User experience for Automation operator role
When a user, who is assigned to the Automation Operator role views the Automation account they are assigned to, they can only view the list of runbooks, runbook jobs and schedules created in the Automation account but can’t view their definition. They can start, stop, suspend, resume or schedule the runbook job. The user will not have access to other Automation resources such as configurations, hybrid worker groups or DSC nodes.
When the user clicks on the runbook, the commands to view the source or edit the runbook are not provided as the Automation operator role doesn’t allow access to them.
The user will have access to view and to create schedules but will not have access to any other asset type.
This user also doesn’t have access to view the webhooks associated with a runbook
Configure RBAC for your Automation Account using Azure PowerShell
Role-based access can also be configured to an Automation Account using the following Azure PowerShell cmdlets.
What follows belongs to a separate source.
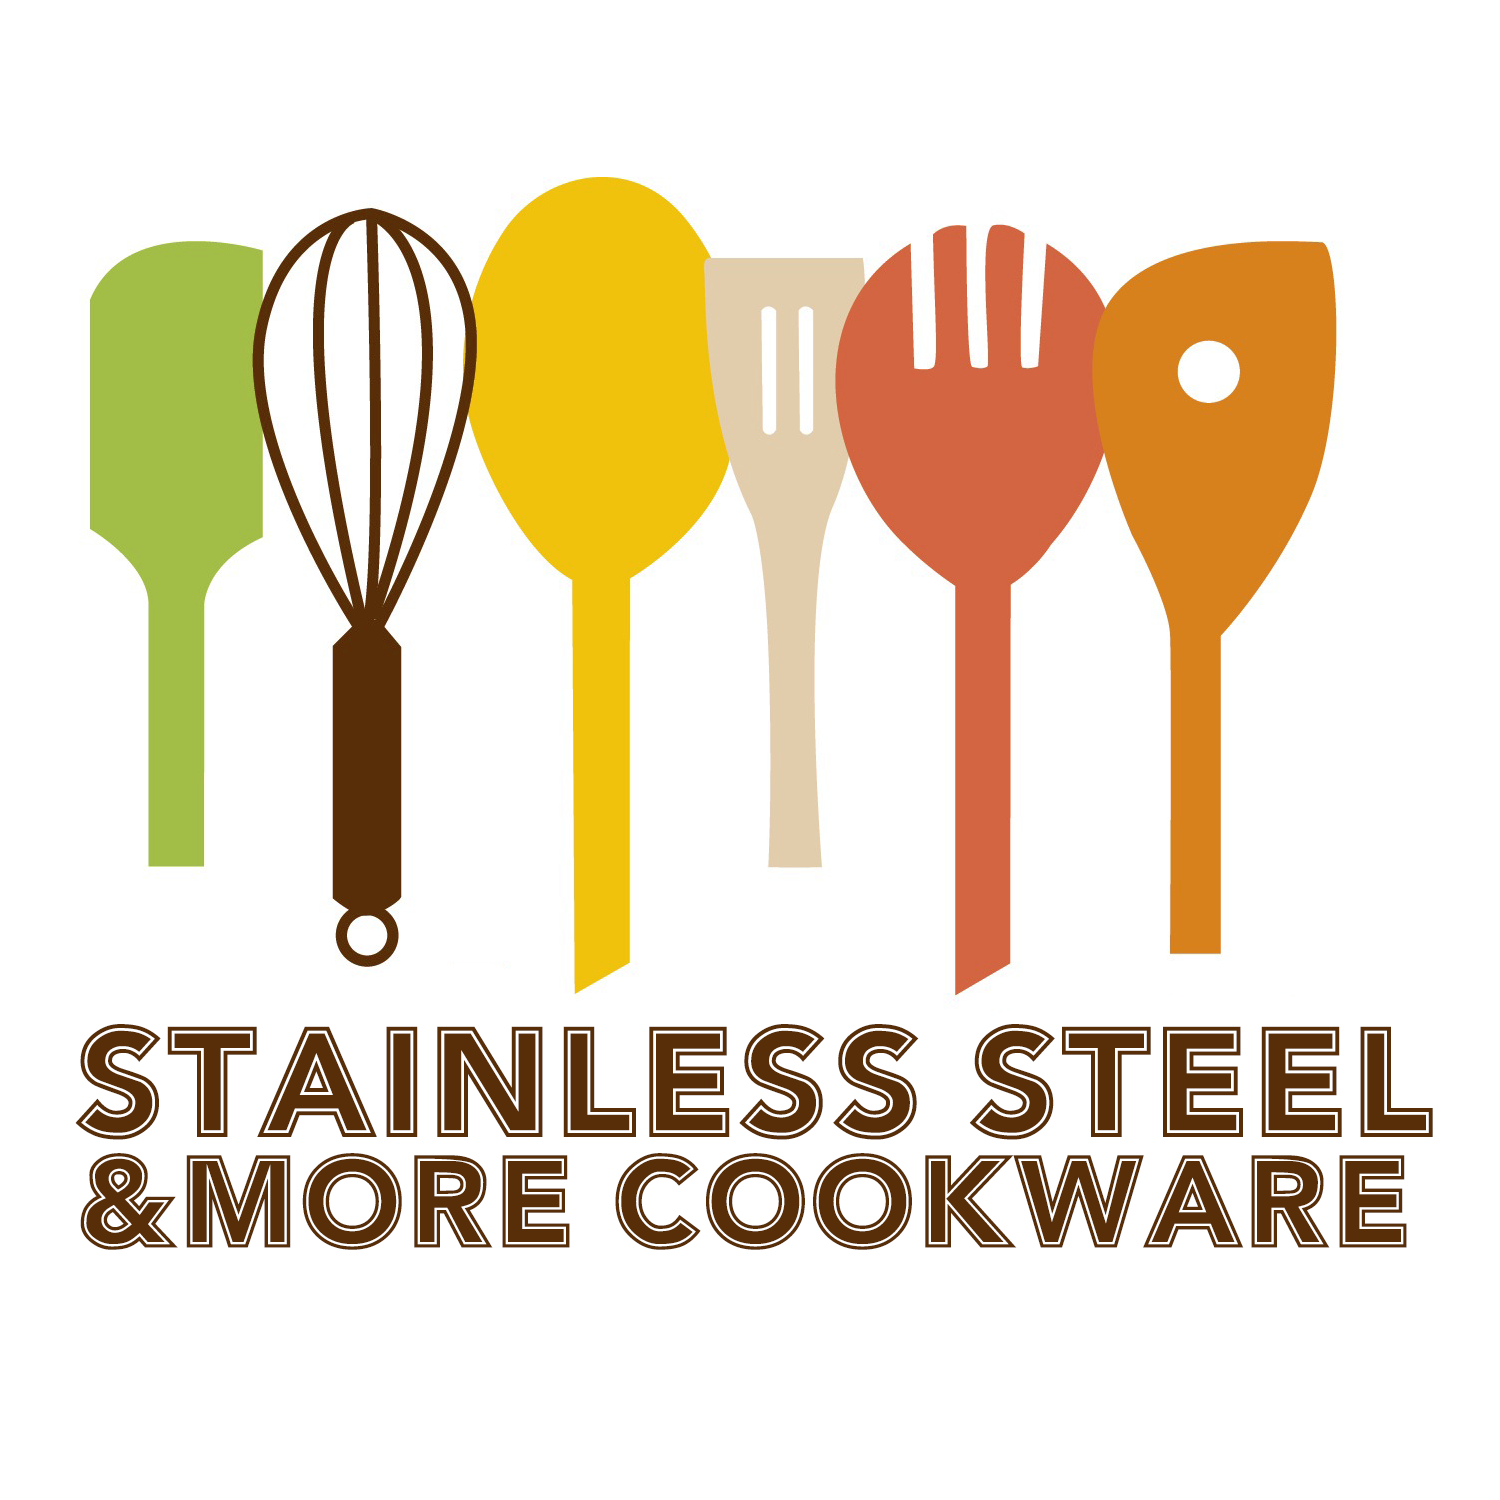 Stainless Steel And More Cookware caters to anyone who spends a lot of time in the kitchen and prefers to use quality stainless steel cookware products.
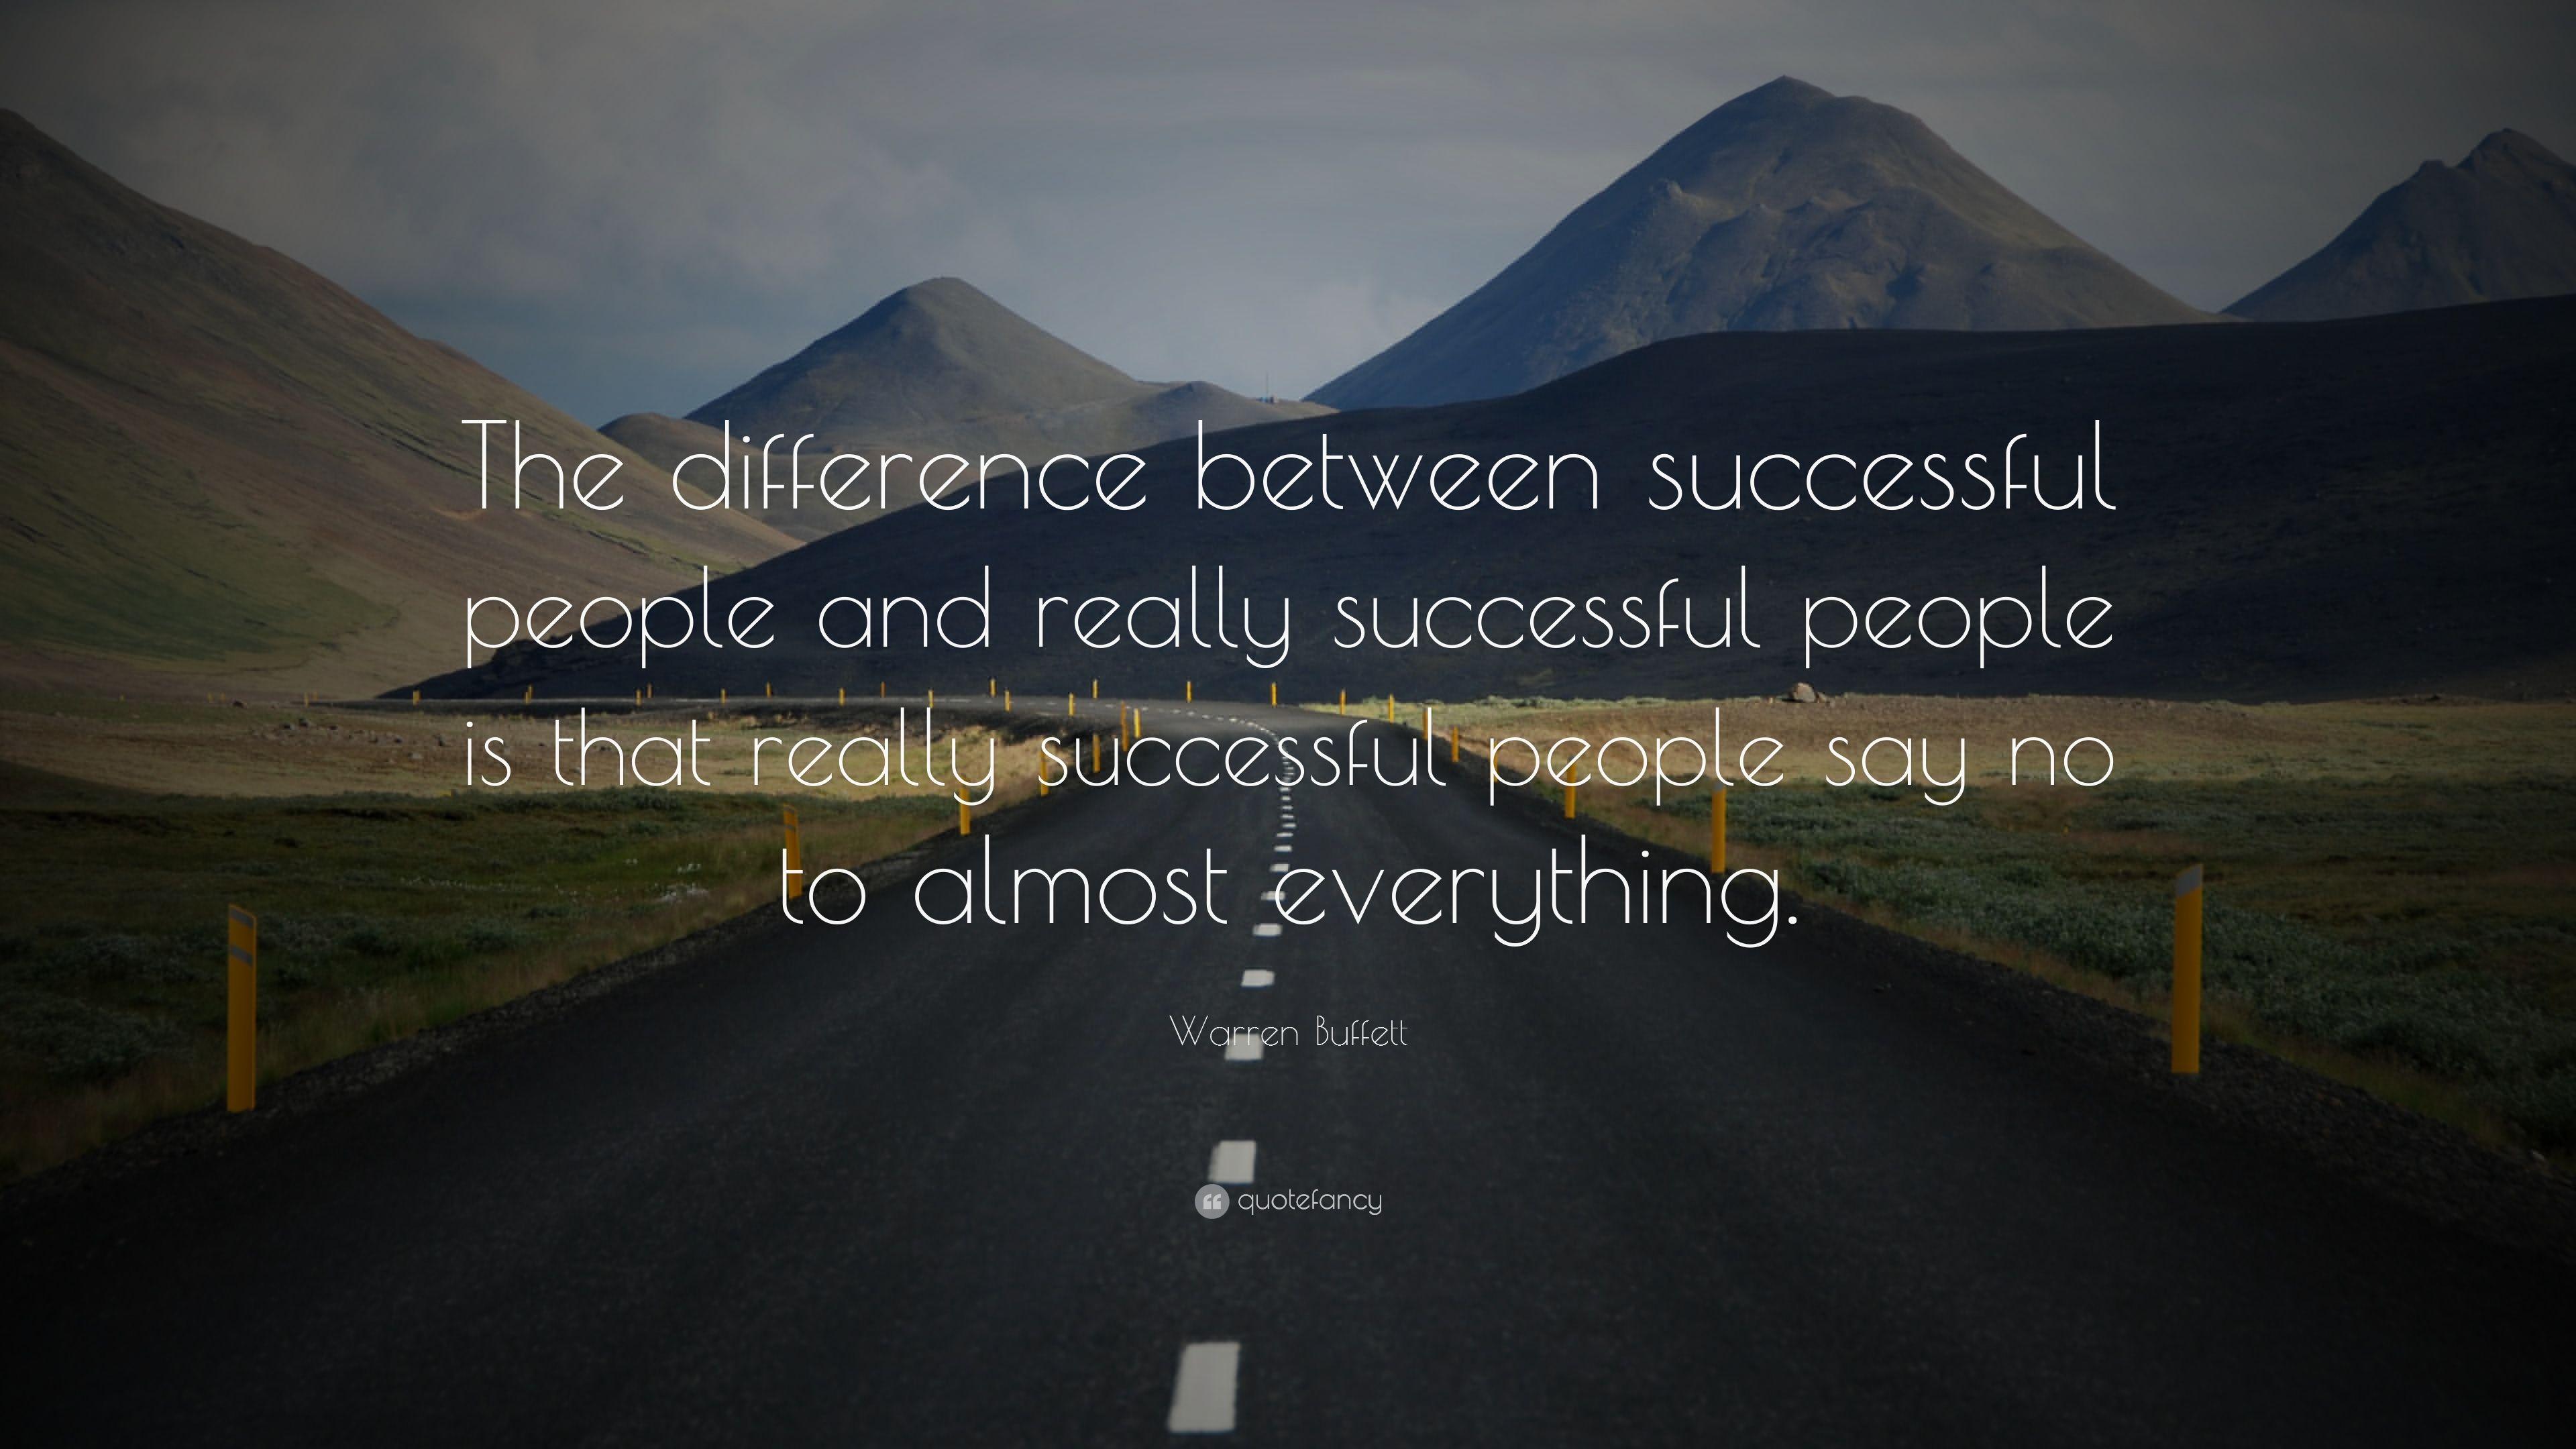 Warren Buffett Quote: “The difference between successful people

• Get-AzureRmRoleDefinition lists all RBAC roles that are available in Azure Active Directory. You can use this command along with the Name property to list all the actions that can be performed by a specific role.
Example:
• Get-AzureRmRoleAssignment lists Azure AD RBAC role assignments at the specified scope. Without any parameters, this command returns all the role assignments made under the subscription. Use the ExpandPrincipalGroups parameter to list access assignments for the specified user as well as the groups the user is a member of.
Example: Use the following command to list all the users and their roles within an automation account.
Get-AzureRMRoleAssignment -scope “/subscriptions/<SubscriptionID>/resourcegroups/<Resource Group Name>/Providers/Microsoft.Automation/automationAccounts/<Automation Account Name>”
• New-AzureRmRoleAssignment to assign access to users, groups and applications to a particular scope.
Example: Use the following command to assign the “Automation Operator” role for a user in the Automation Account scope.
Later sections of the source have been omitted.